Morse inequalities relate Betti numbers and critical points in graphs.

Lusternik-Schnirelmann inequalities connect cup length, category, and critical points.

The paper provides a framework for applying classical topological theories to finite graph structures.

Abstract

Both Morse theory and Lusternik-Schnirelmann theory link algebra, topology and analysis in a geometric setting. The two theories can be formulated in finite geometries like graph theory or within finite abstract simplicial complexes.

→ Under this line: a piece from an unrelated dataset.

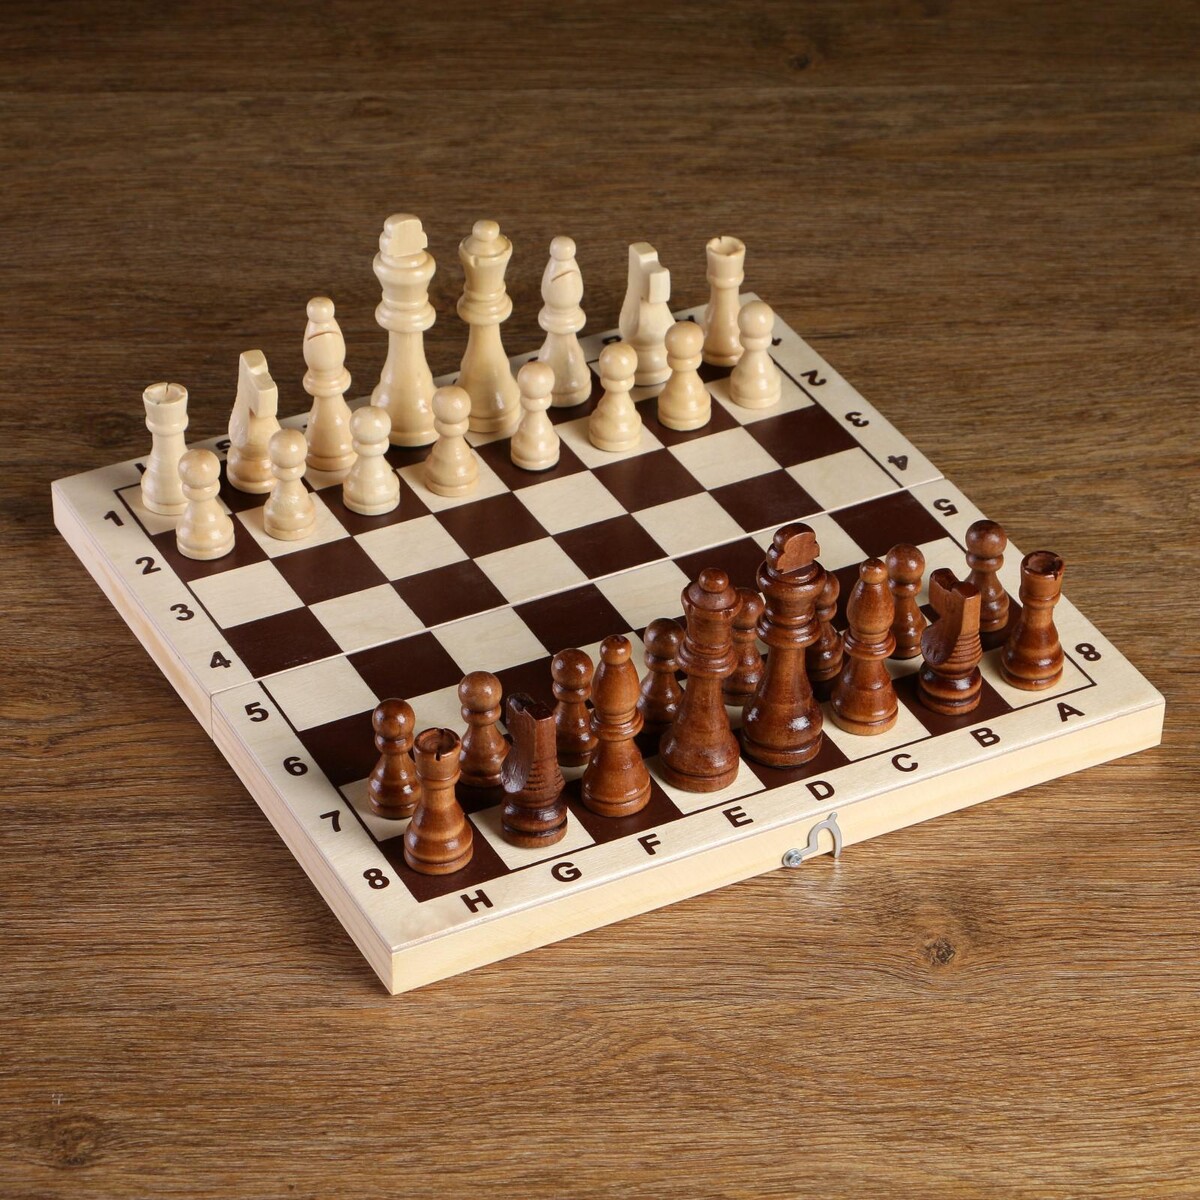 Шахматные фигуры, король h-8 см, пешка h-4 см голый король
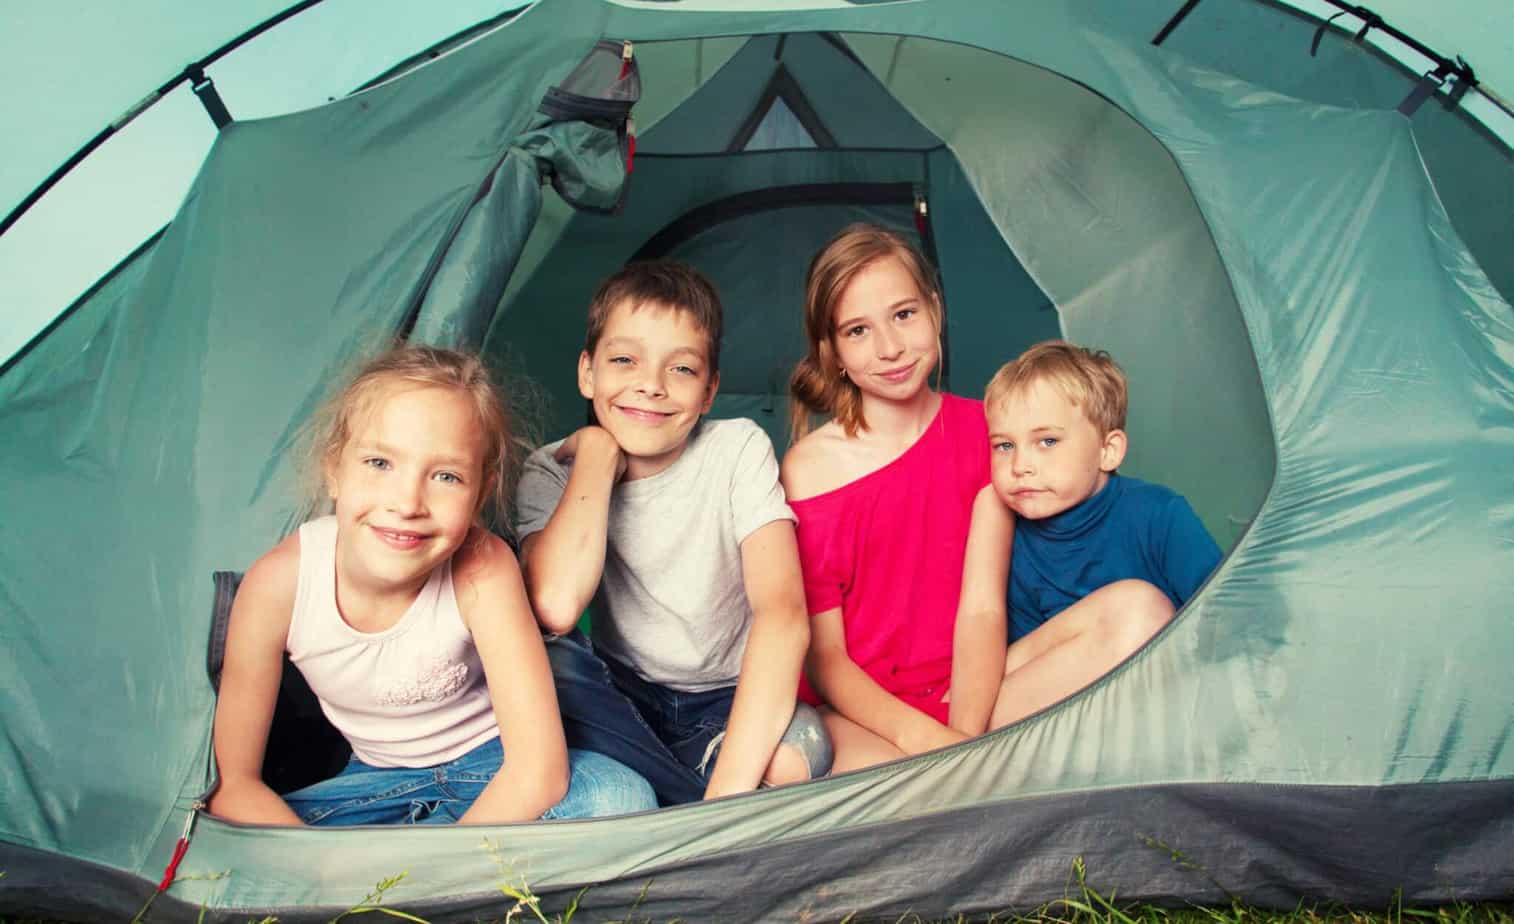 Camping together. Лагерь childcamp. Палатка фото для детей. Кемпинг с детьми. Поход кемпинг дети.

We work here mostly in graph theory and review the Morse inequalities b(k)-b(k-1) + ... + b(0) less of equal than c(k)-c(k-1) + ... + c(0) for the Betti numbers b(k) and the minimal number c(k) of Morse critical points of index k and the Lusternik-Schnirelmann inequalities cup+1 less or equal than cat less or equal than cri, between the algebraic cup length cup, the topological category cat and the analytic number cri counting the minimal number of critical points of a function.